I would question how educated you would have to be to know that killing prisoners is wrong.
Guards in prisons were also very poorly educated at the time and yet they knew that killing prisoners was wrong otherwise no one would have walked out alive.
The argument that they were treated differently then others who did the same thing is a good point. If it was not so long ago I would vote for rounding up the guys that got off and putting them on trial and having them shot.
In other words I do not find the Morant sentence too harsh, I find the punishment meted out to the others too light.
However it is much too late to do something like that. A pity really.
It isn't as simple as that. They certainly would have known that you couldn't normally shoot Prisoners of War.

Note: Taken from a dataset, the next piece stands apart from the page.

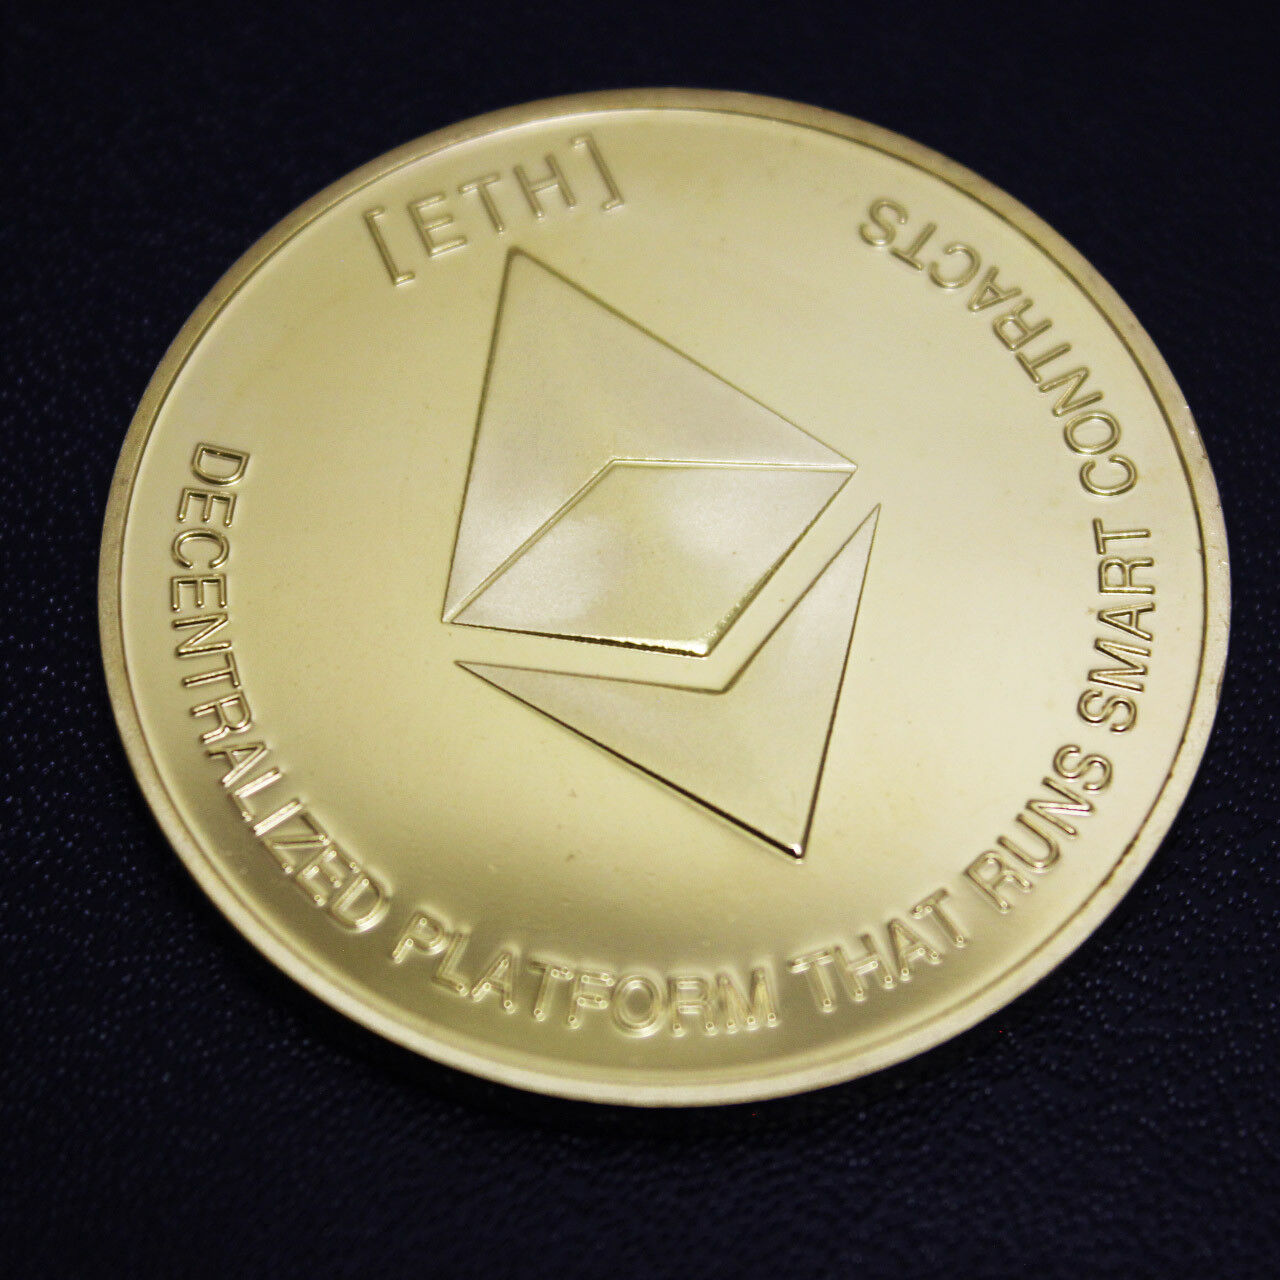 Ethereum Gold Plated Commemorative Coin Collectible Canada FREE FAST SHIPPING

However, Queen's Regulations did allow the senior British officer on the scene (who in this case was Lieutenant Morant) to, in certain very specific circumstances, convene a field court martial to deal with spies and similar people and there were orders circulating that said that Boer prisoners wearing British Khaki should be treated as spies.
Morant knew the special circumstances didn't apply (they were intended to deal with cases where it was impossible to hand the defendants over to proper authorities). He had actually protested similar interpretations in the past to his superiors. He also probably knew the orders about Khaki were unlawful.
Handcock and Witton probably didn't know either of those things. When Morant told them about the exceptions that allowed his actions, they believed him.